Power laws appear to describe histograms of relevant financial fluctuations, such as fluctuations in stock price, trading volume and the number of trades. Surprisingly, the exponents that characterize these power laws are similar for different types and sizes of markets, for different market trends and even for different countries—suggesting that a generic theoretical basis may underlie these phenomena.

Let’s check whether these exponents are similar for cryptocurrencies too.

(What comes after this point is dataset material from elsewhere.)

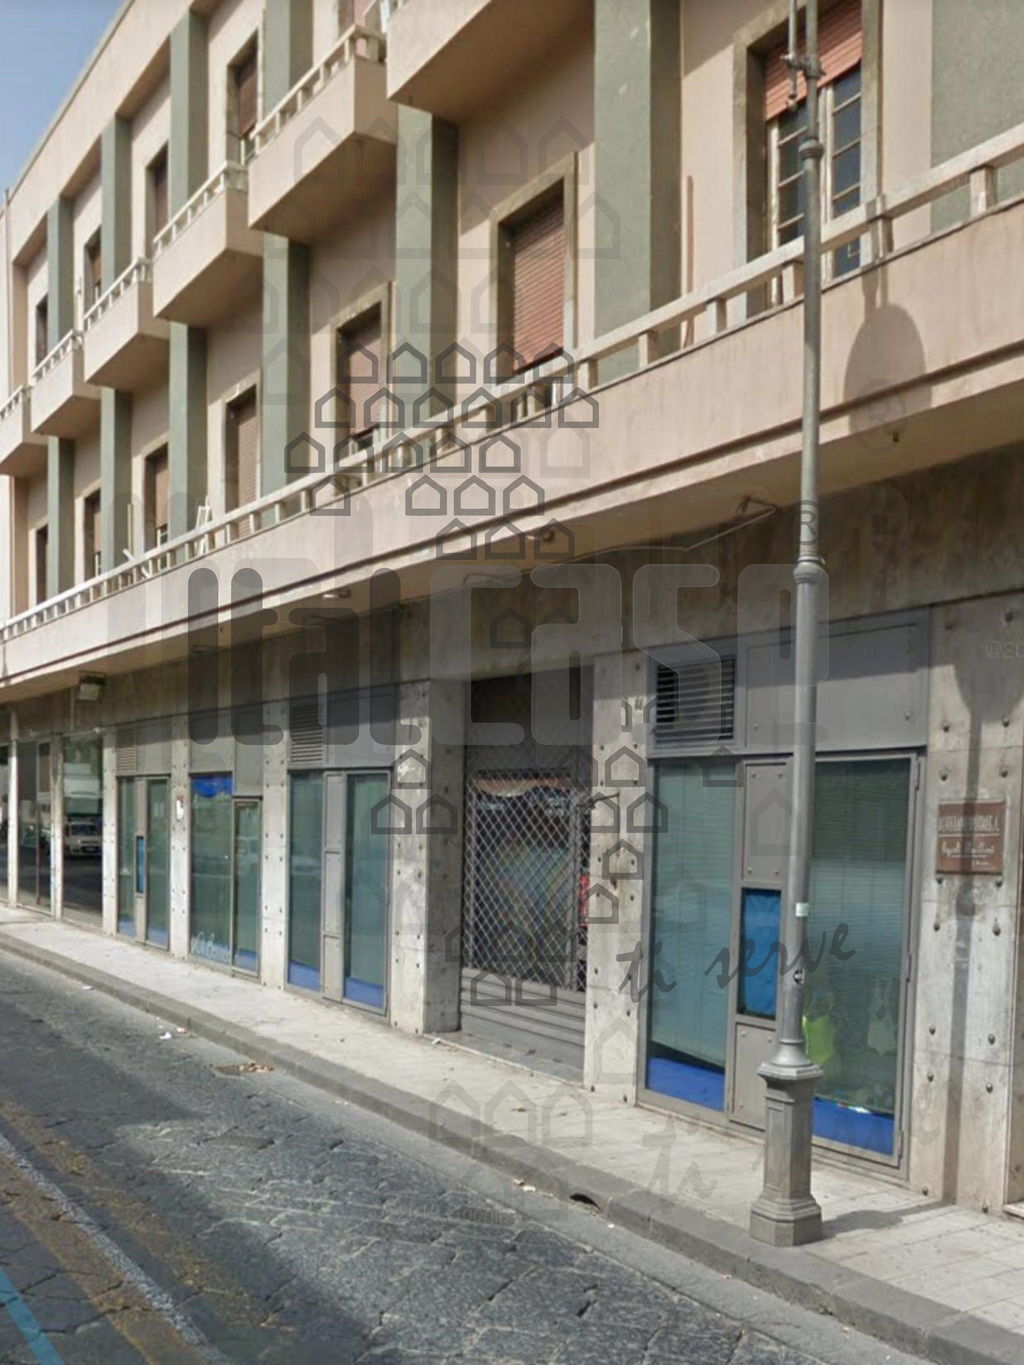 Attivit commerciale in affitto/gestione in via primo settembre, Messina

Spoiler: not always.

Trades

In [1] we read:

Empirical studies … show that the distribution of trading volume \(V_t\) obeys a … power law: \[ P(V_t > x) \sim x^{-\zeta_V}\] with \(\zeta_V \approx 1.5\), while the number of trades \(N_t\) obeys: \[ P(N_t > x) \sim x^{-\zeta_N}\] with \(\zeta_N \approx 3.4\)

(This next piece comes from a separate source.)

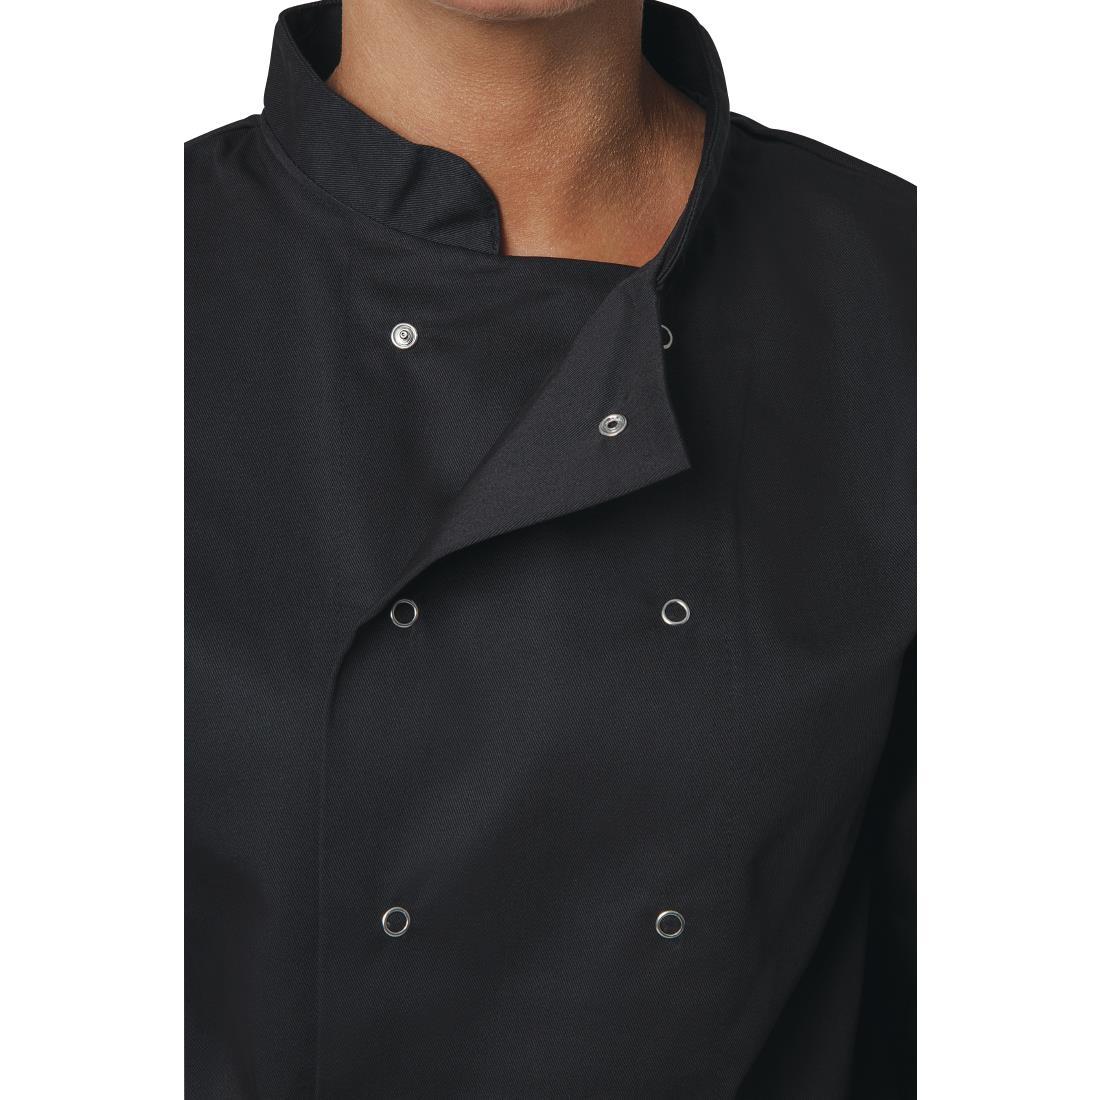 Whites Vegas Unisex Chefs Jacket Long Sleeve Black XL - A438-XL  - 4

First let’s load all trades for LTCUSD pair traded at Bitstamp from 2019-02-01 00:00:00+03 till 2019-09-17 00:00:00+03:

trades <- obadiah::trades(con, 
                          '2019-02-01 00:00:00+03', 
                          '2019-09-17 00:00:00+03', 
                          'Bitstamp', 
                          'LTCUSD', 
                          tz='Europe/Moscow') %>%
  select(-maker.event.id, -taker.event.id)
kable(head(trades))

timestamp	price	volume	direction	maker	taker	exchange.trade.id
2019-02-01 00:04:08.3971	31.28	0.5851052	buy	2814151777	2814151901	82145385
2019-02-01 00:17:46.8451	31.26	72.1700000	buy	2814188413	2814190362	82145682
2019-02-01 00:17:47.5039	31.26	25.4422370	sell	2814190362	2814190392	82145683
2019-02-01 00:17:49.1047	31.19	7.2058347	sell	2814190401	2814190371	82145684
2019-02-01 00:18:57.6547	31.27	0.3000000	buy	2814190510	2814193203	82145698
2019-02-01 00:42:32.9018	31.19	2.1663516	sell	2814264503	2814266233	82146060

We need only real trades, i.e. those having exchange.trade.id set and only timestamp and volume columns:

trades <- trades %>% 
  filter(!is.na(exchange.trade.id)) %>% 
  select(timestamp, volume, price, direction, exchange.trade.id) 
kable(head(trades))

timestamp	volume	price	direction	exchange.trade.id
2019-02-01 00:04:08.3971	0.5851052	31.28	buy	82145385
2019-02-01 00:17:46.8451	72.1700000	31.26	buy	82145682
2019-02-01 00:17:47.5039	25.4422370	31.26	sell	82145683
2019-02-01 00:17:49.1047	7.2058347	31.19	sell	82145684
2019-02-01 00:18:57.6547	0.3000000	31.27	buy	82145698
2019-02-01 00:42:32.9018	2.1663516	31.19	sell	82146060

There are 621,605 real trades in total. Let’s calculate a trading volume and number of trades per 900 period:

by_period <- trades %>%
  mutate(period_end=ceiling_date(timestamp, paste0(900, " seconds"))) %>% 
  mutate(volume=replace_na(volume, 0), price=replace_na(price, 0)) %>%
  group_by(period_end) %>%
  summarize(volume=sum(volume), number.of.trades=sum(!is.na(timestamp)))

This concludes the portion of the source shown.